Structural inequalities persist in the form of higher property values in wealthier communities, with greater tax revenues generated to support quality education and other services. Resource gaps mean under-resourced school facilities and programming fall within poorer communities, which in turn has direct negative results on students. Owing to these opportunity gaps, poorer communities experience lower achievement levels and have higher suspension rates, more failing schools, and larger gaps in graduation rates. Children in poorer communities often lack preschool access, experienced teachers, guidance counselors, and extracurricular activities; have older textbooks and lower-quality computer and science equipment; and have poorer access to libraries and librarians, athletic programs, and other important educational resources. Poorer households tend to have parents with lower levels of academic attainment and, as a parent's educational attainment correlates closely to the academic success of their children, students in poorer communities are additionally disadvantaged. Moreover, a variety of linguistic and cultural differences can result in barriers to successful educational experiences, especially if insufficient resources are available to overcome these.
Quality childcare and K-12 education is critical to children's ability to access higher education, creating further roadblocks down the line to future jobs, better wages, and access to communities of higher opportunity. Lower levels of academic achievement and fewer resources during the K-12 years strongly affect access to higher education and correlate with significantly lower graduation rates. Further, the high cost of college results in reduced access to higher education, higher student loans, and lower wages for these students' entire careers. All this combines to widen the gap between rich and poor and between whites and people of color, perpetuating more segregated and under-resourced communities and contributing to intergenerational cycles of poverty and lack of opportunity to build wealth.

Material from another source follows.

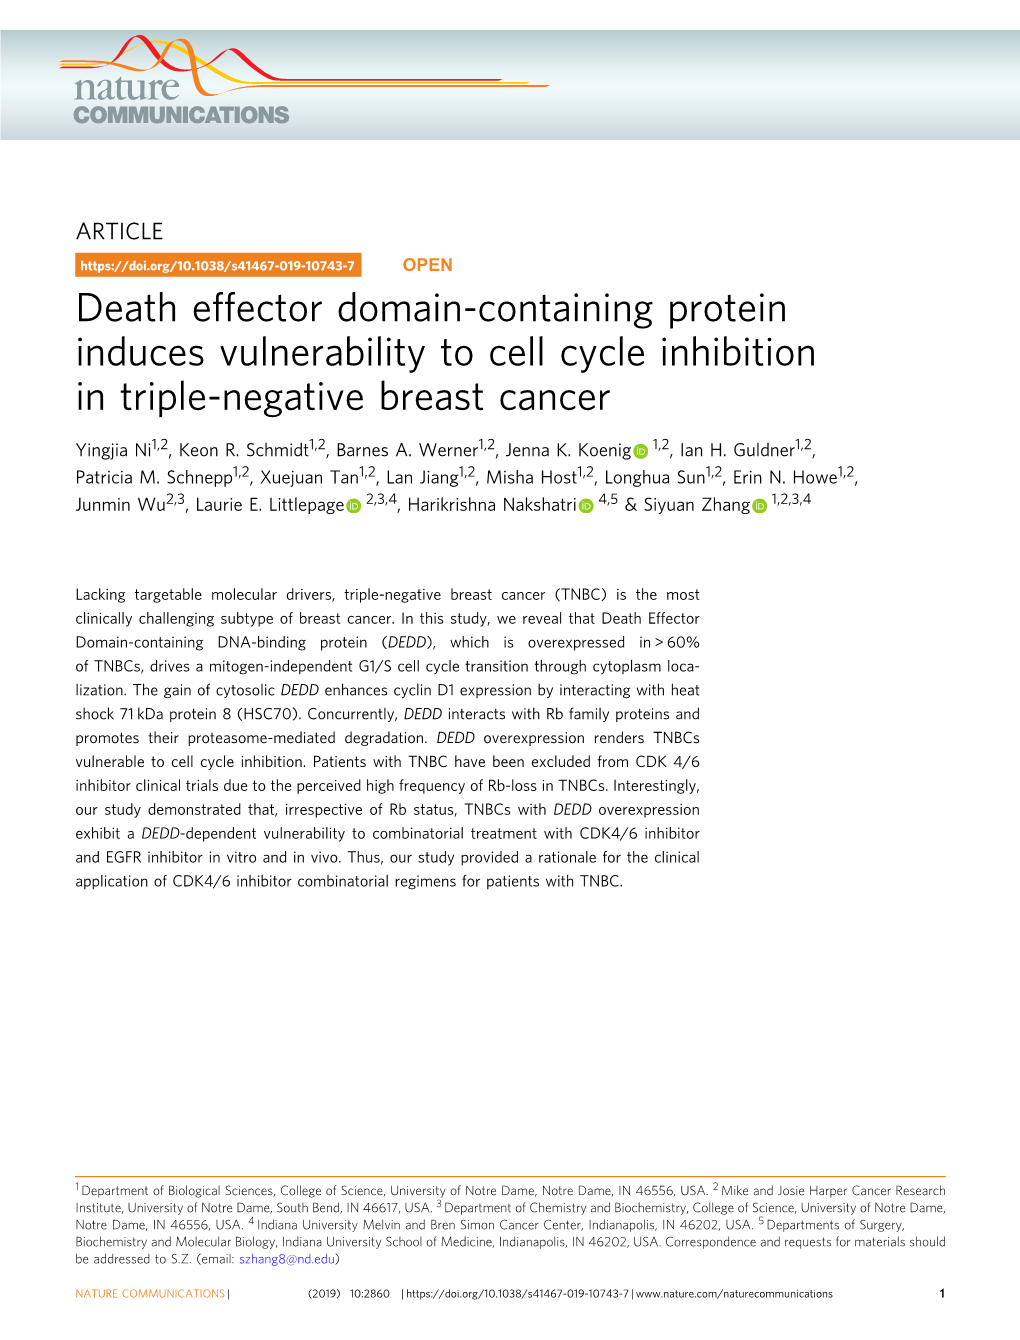 Death Effector Domain-Containing Protein Induces Vulnerability to Cell Cycle Inhibition in Triple-Negative Breast Cancer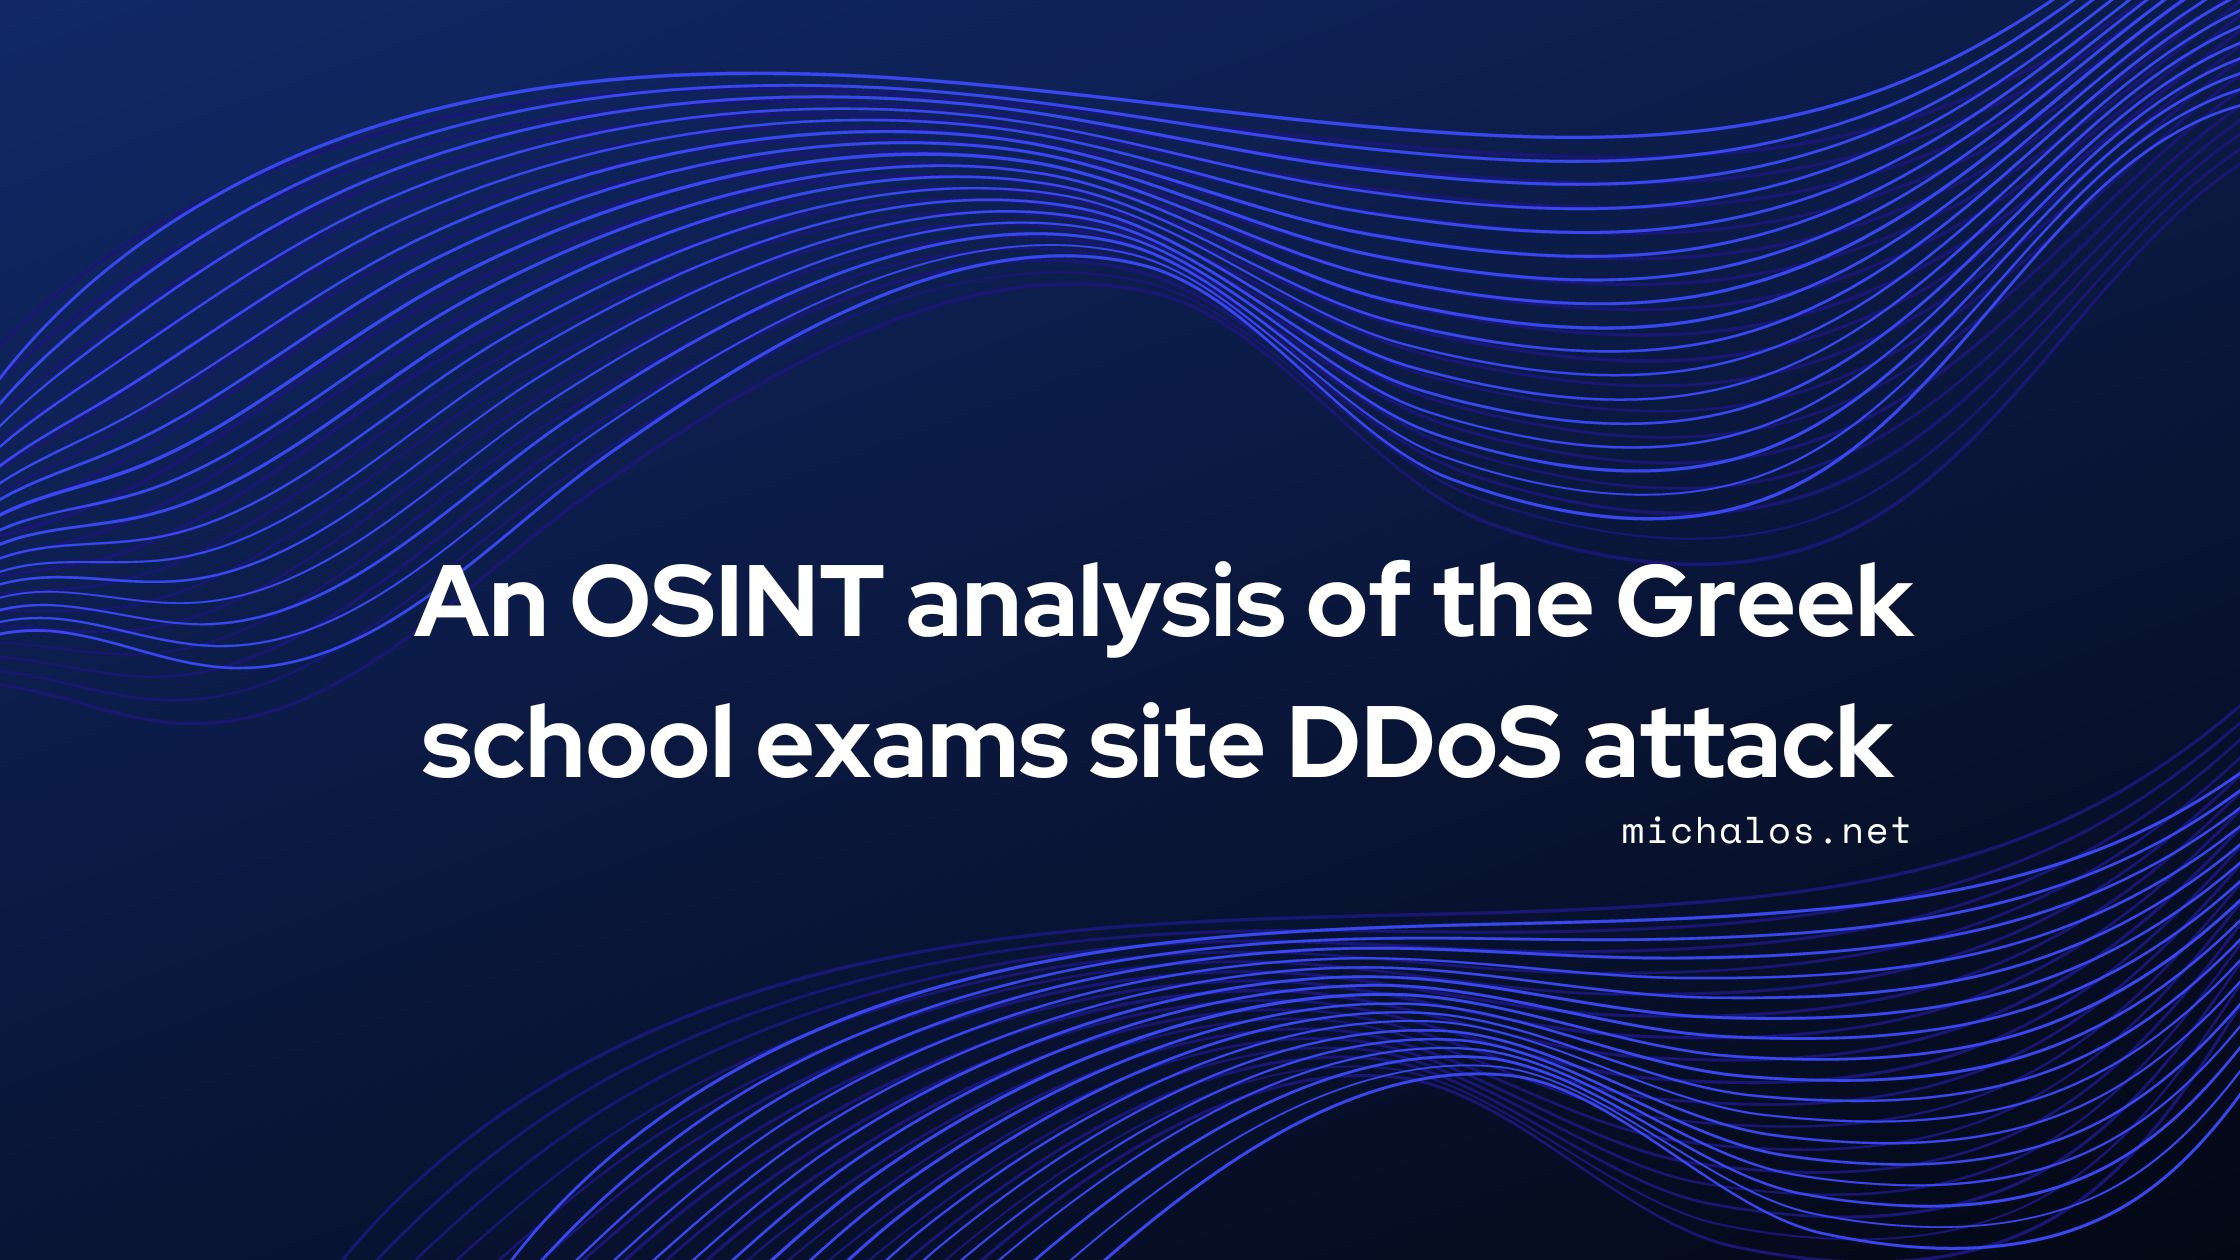 An OSINT analysis of the Greek school exams site DDoS attack

We identified the following as priorities in the area of education: provide equitable funding for schools; provide strong pre-K education and support; address institutional racism in schools; and develop strong school-to-career pipelines.
Agreements and Next Steps
Working group members expressed a desire from the very beginning to translate what we would learn through the working group experience into tangible action that contributes to reducing racial wealth inequalities. In that spirit, we identified a set of high-priority strategies that we believe will make a contribution. We identified one critical area where no current work is underway and new action could be organized, several directly related ongoing efforts to which we could lend our support, and ongoing efforts that are not explicitly focused on racial wealth inequalities to which we could bring a deeper awareness of the problem. Below, each set of strategies is briefly described.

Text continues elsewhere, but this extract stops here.